Some day a customer complained that he could not access a local intranet server. But I was sure that the server is running, nagios showed green lights everywhere.
But when I remotely connected to the customers PC, I had to notice that he is right and there is no connection from his network to the intranet server due to routing problems. Whoops… 8-o

The afternoon I thought about ways to cover this situation in our Nagios monitoring. Nagios has no obvious resp. generic solution for this problem except setting up multiple checks from different hosts.

But wait a little bit - there is a conceptional problem with this. All these checks are associated to other hosts as they're really belonging to. This will confuse the whole process (and the administrator as well ;-)). Notifications and escalations are based on the wrong host and the statistics / SLAs are also affected.

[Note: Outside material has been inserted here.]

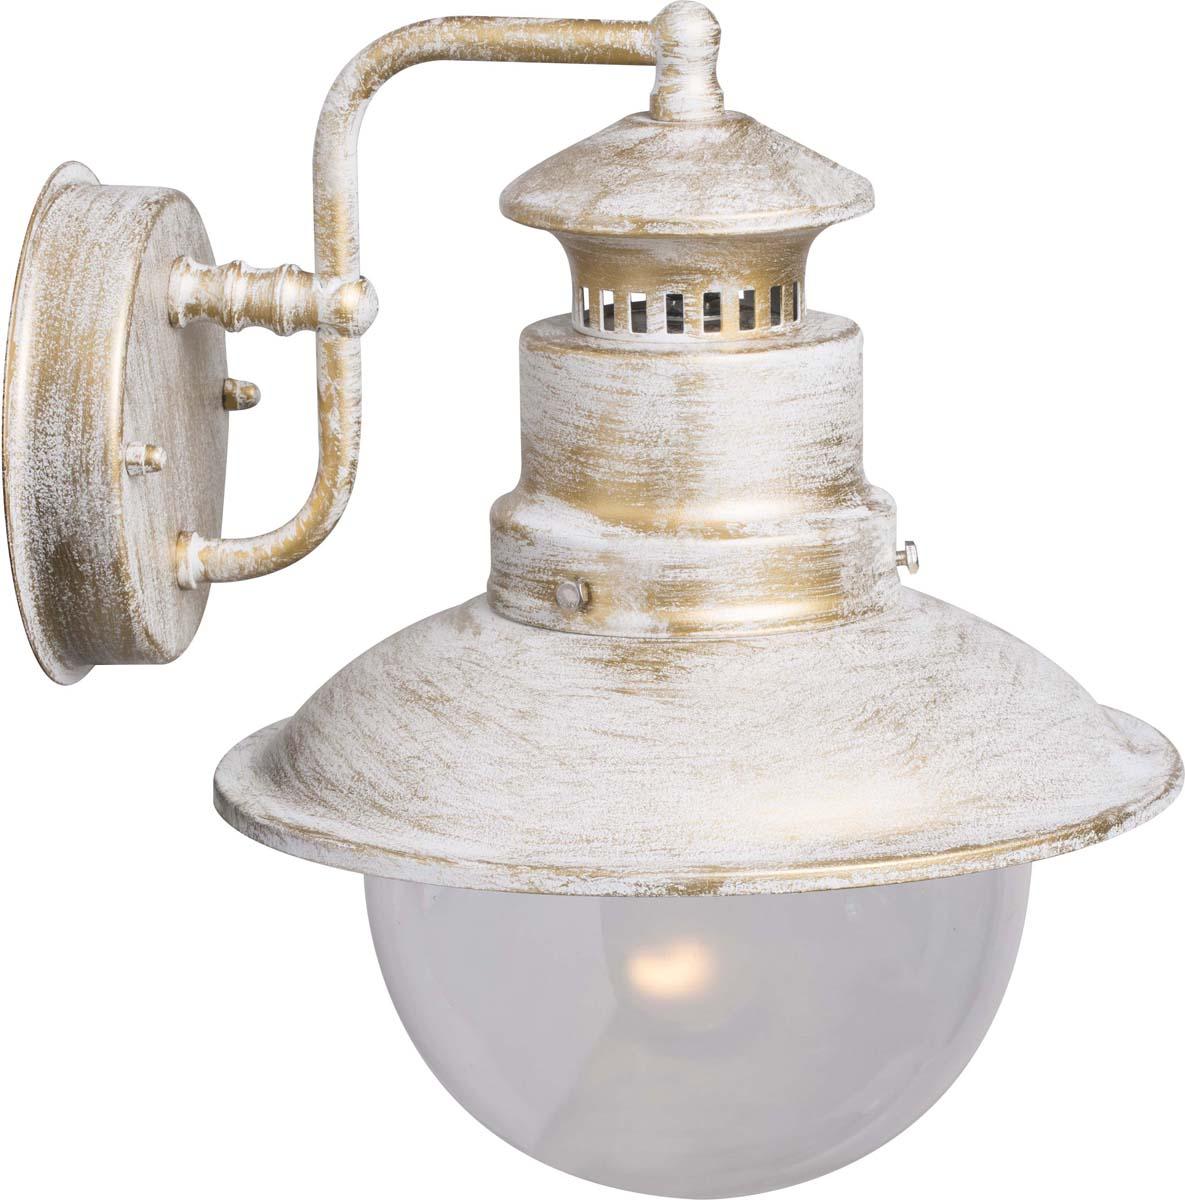 Светильник уличный Arte Lamp Amsterdam, цвет: белый, золотой, 1 х E27, 60 W. A1523AL-1WG

check_multi provides a simple but effective solution for this scenario: a distributed monitoring which works as a service associated to the target host.



You need:

  1. remote access to some hosts in the wanted subnets
    (i.e. normally some of your monitored servers)
  2. a check plugin existing on each of these hosts, which can monitor the service
    (e.g. check_tcp)


You will then:

  1. schedule a check on each of these hosts towards your target host / target service
  2. add a flexible state evaluation of your results:
    • either all results have to be OK for the overall state being OK
    • or only some results OK will set the overall state to OK


That's it! :-)

And more: you can do this with one generic check_multi command file. Some parameters will control which hosts are to be checked and what check_command is used to examine the service.

Call / Parameters

check_multi -f distributed.cmd \
-s CHECK_COMMAND="check_tcp -p 80 -H hostx -t 5" \
-s HOSTS="host1,host2,host3,host4,host5" \
-s THRESHOLDS="-w 'COUNT(WARNING)>3' -c 'COUNT(CRITICAL)>3'"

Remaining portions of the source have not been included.